There were a lot of gleeful mentions of the Mets' perfect five-for-five record on home run reviews on Thursday morning. It makes sense, Daniel Murphy's two-run, granted on video review homer was a key to the Mets victory, and a team with as many injuries as the Mets could use a little bit of luck now and again.

Imagine, just for a moment, if it was Adam Dunn who hit the ball that umpires ruled went off a Subway sign hanging on the right field stands. It was initially called a double and Ryan Zimmerman was thrown out on the plate, keeping a game tied at 3 in the sixth inning. It's doubtful too many people would be guffawing about the replay process.

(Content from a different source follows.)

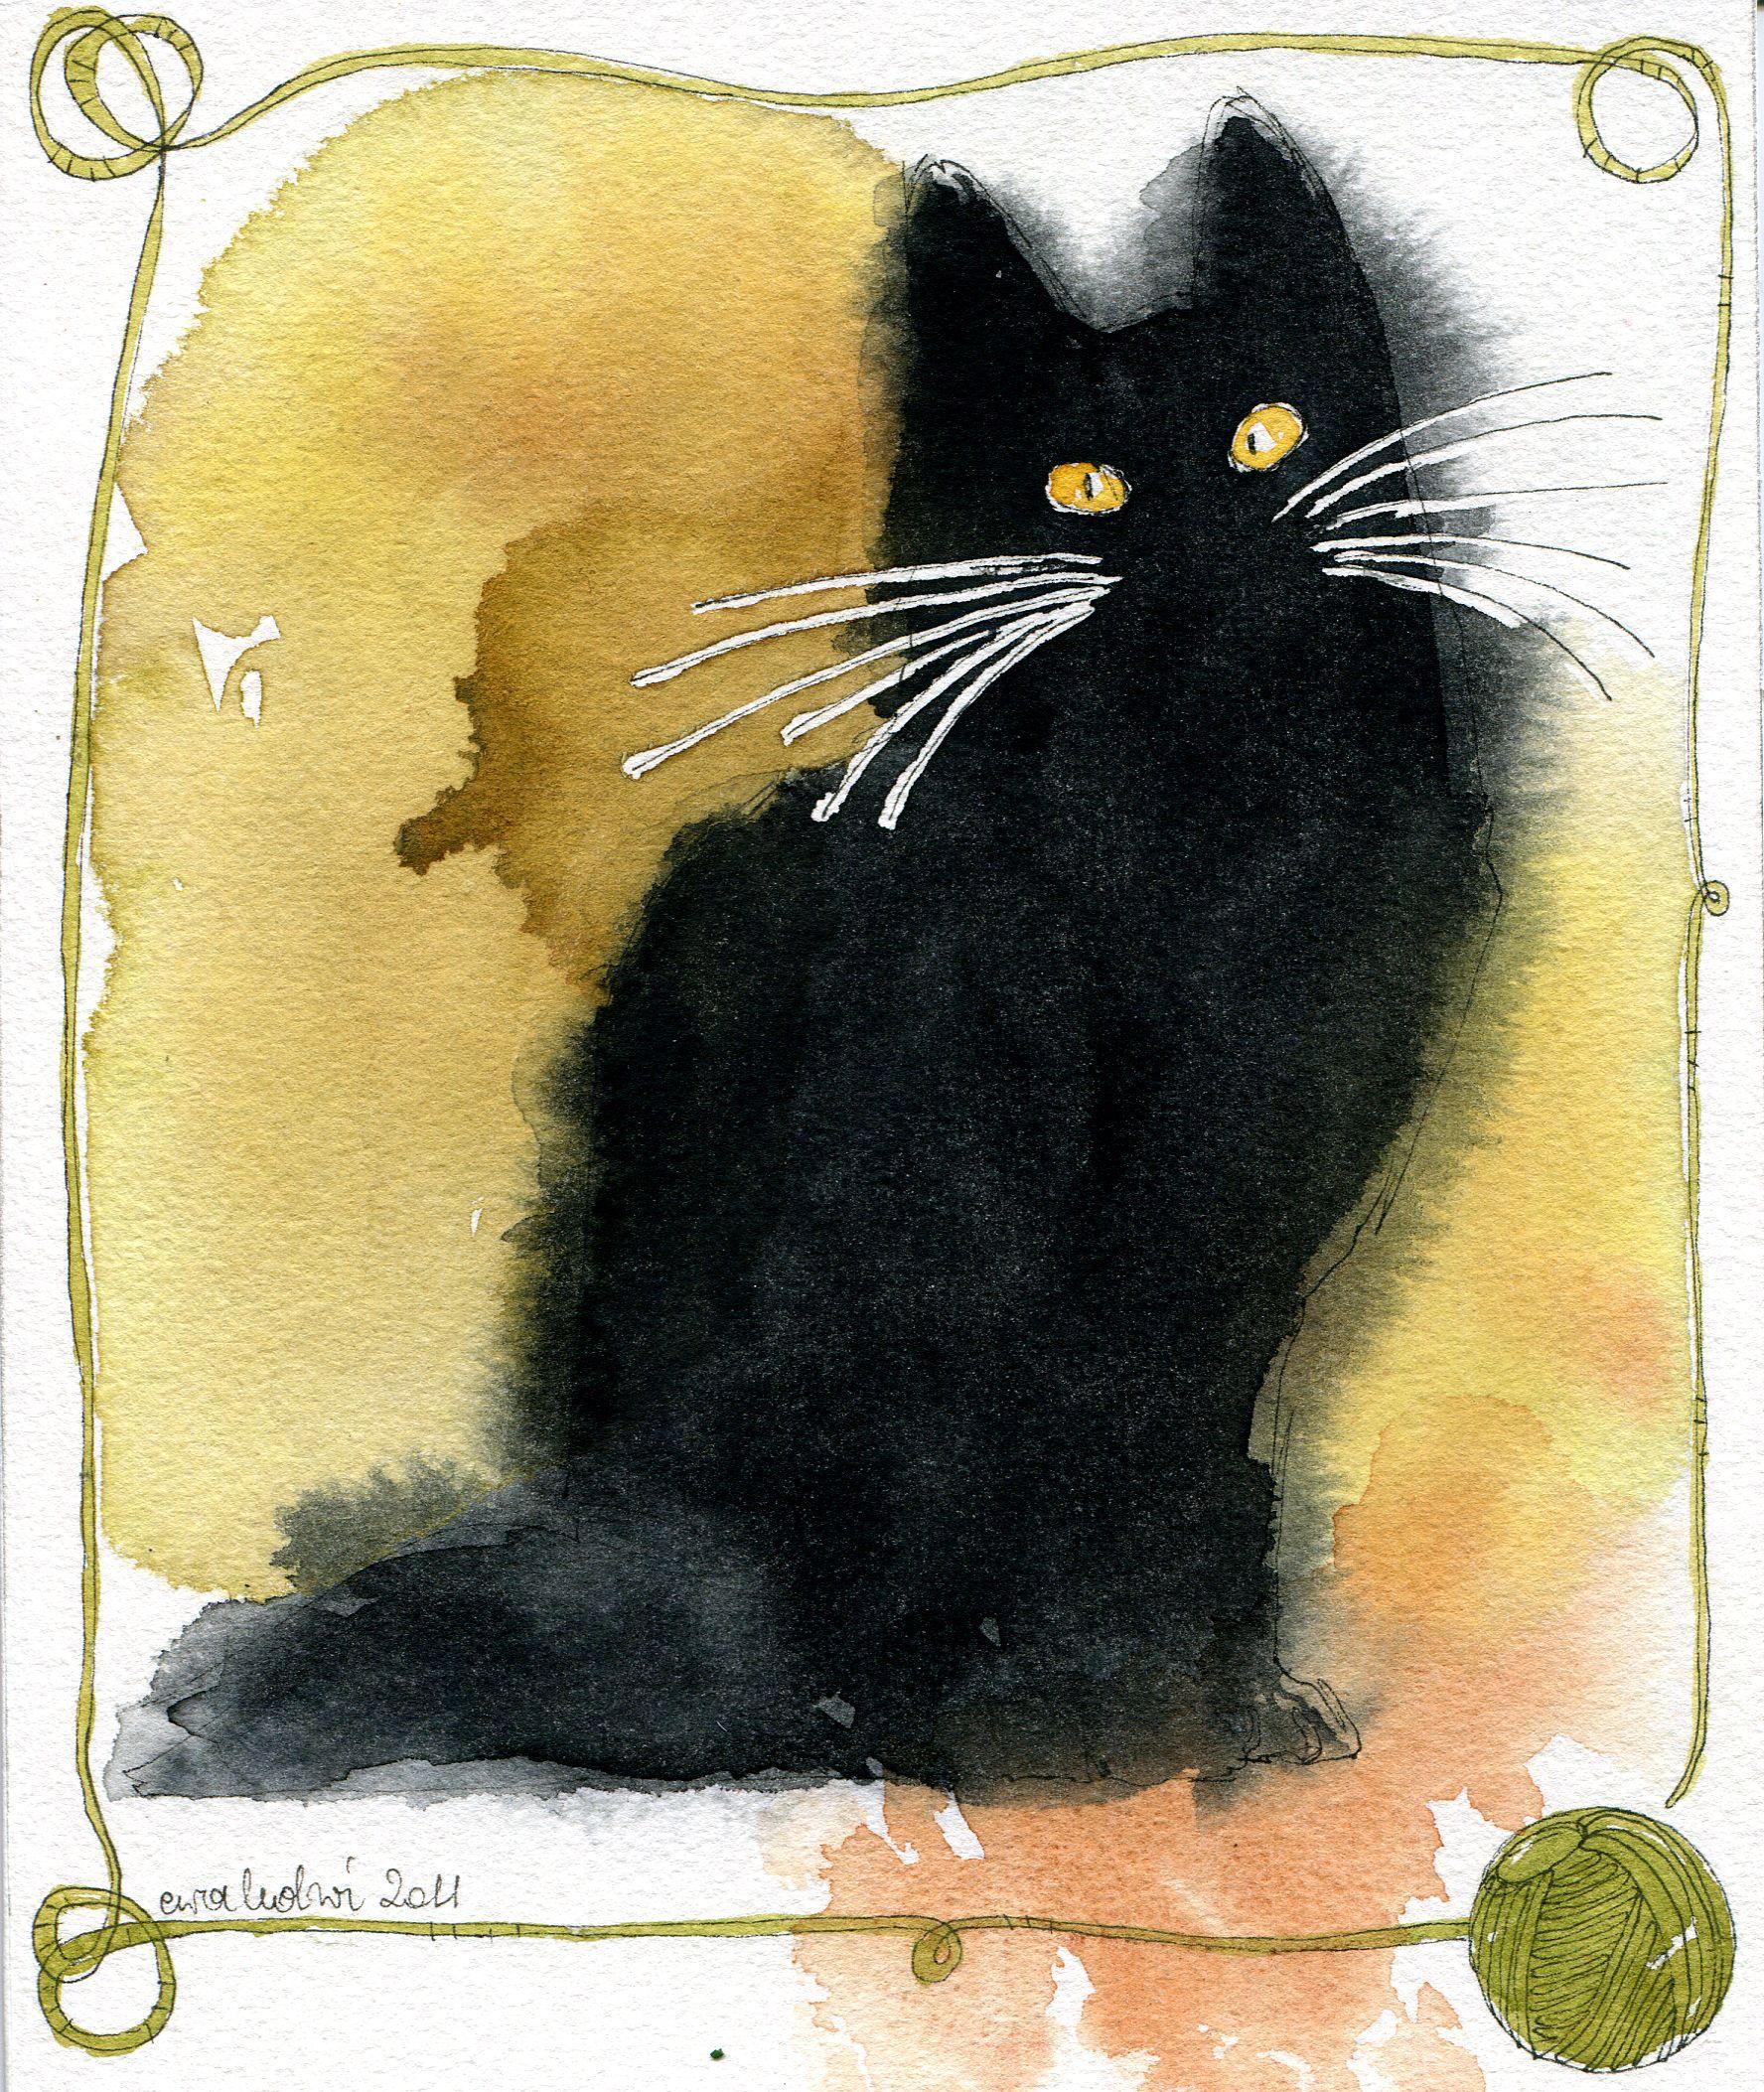 cat1 by ewaludwi.deviantart.com on @deviantART

Watch the video of Murphy's home run a few times and try to figure out the conclusive evidence that the ball hit the sign before dropping back onto the field. It's impossible to do. It seems like the ball hits the sign, from one angle anyway, but it could also have run into a wall of wind, an invisible bird or some other manifestation that caused it to seemingly change trajectory. It was a bad call by the umpires, and it wasn't really their fault.

It was Citi Field's fault. Let's turn things over to Wallace Matthews from Newsday for a moment as he does a fine job of explaining why this beleagured building is to blame.

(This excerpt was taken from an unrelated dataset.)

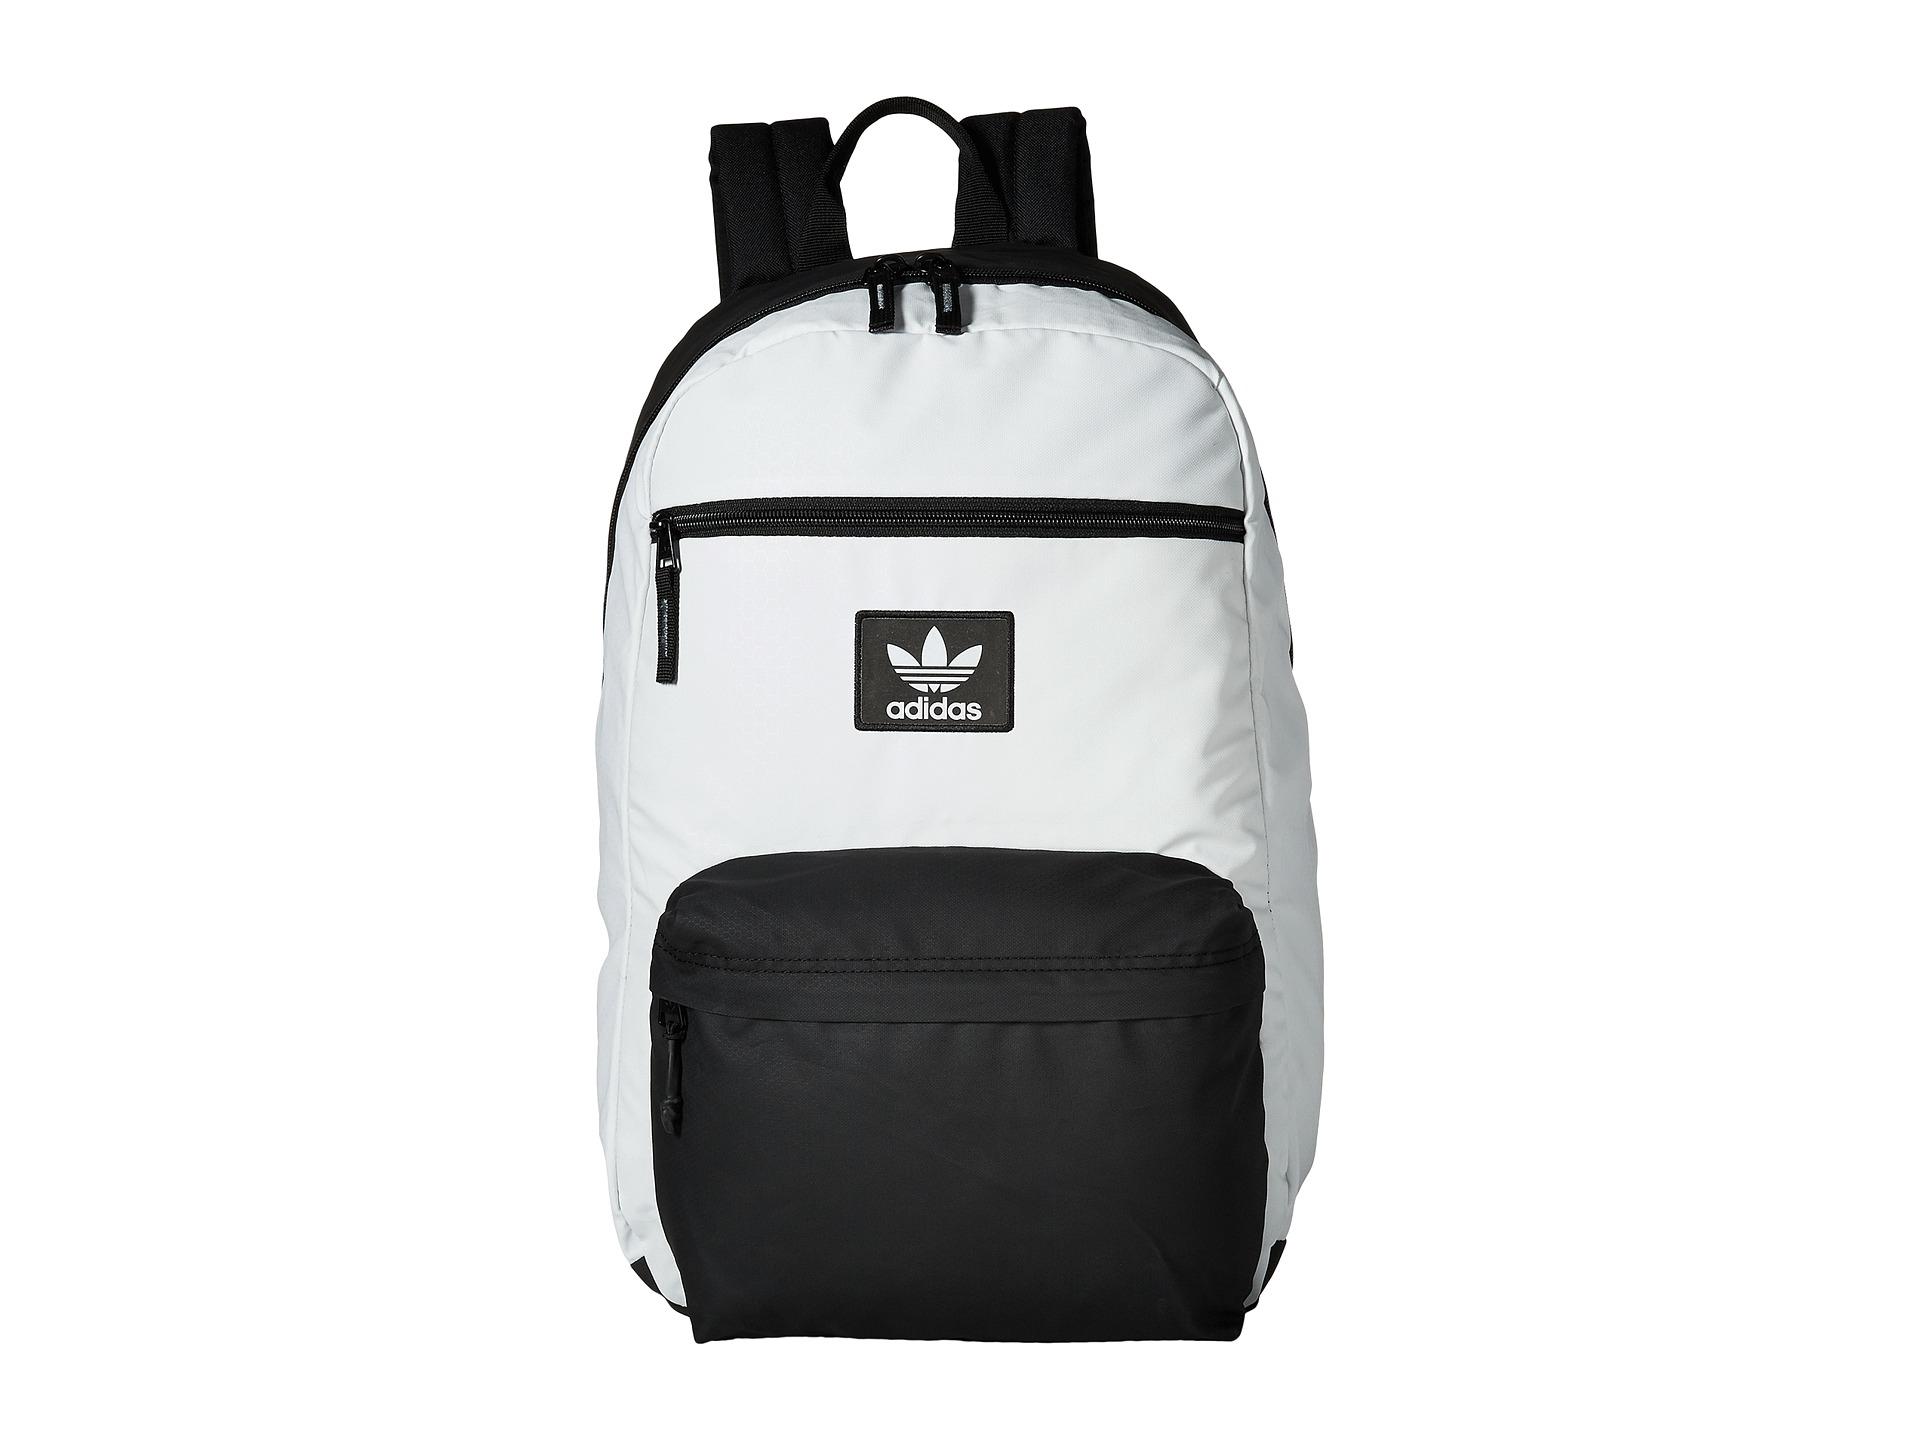 a57340bffb Lyst - adidas Originals Originals National Plus Backpack in Black ...

And that's what happens when you try to force the issue, when you throw in quirks for the sake of quirks, when you add artificially-engineered nostalgia into what could have been a perfectly good, if conventional ballpark. Mass confusion. You knew that sooner or later, one of the many silly contrivances the Mets built into their new ballpark was going to intrude on the game.

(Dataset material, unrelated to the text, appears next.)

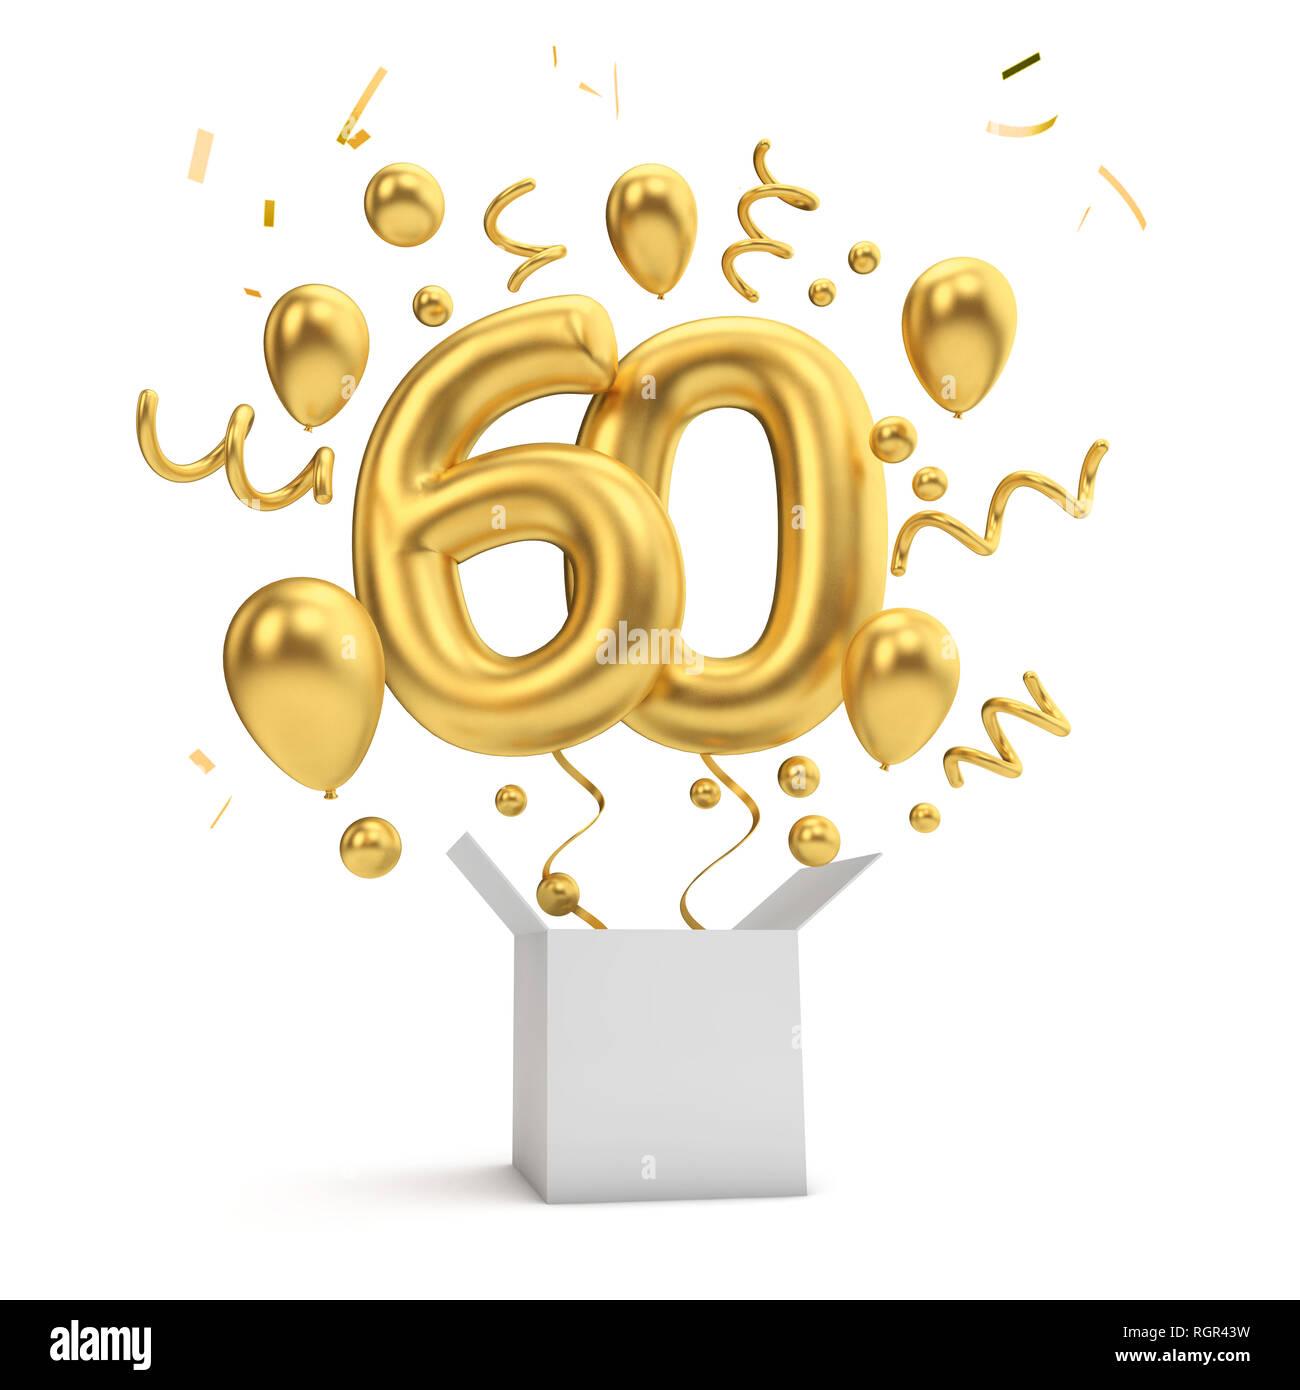 Happy 60th Birthday Gold Uberraschung Ballon Und Box 3d Rendering Stockfotografie Alamy

We've said it on these pages before, but it bears repeating: The reason why old baseball stadiums had strange quirks and eccentricities were because they couldn't be built without them. No sensible architect would build a wall hanging over fair territory, like the old Tiger Stadium, unless they were forced to by the space. They served a purpose, in other words, rather than just standing in for history that's impossible for a new stadium to possess on its own.

No one's arguing for uniform fence distances and heights, because that's no fun, but that doesn't mean you need to go out of your way to make something odd about the stadium either. It's best to just remember that things are quirky until they cause you harm, at which point they just become crazy.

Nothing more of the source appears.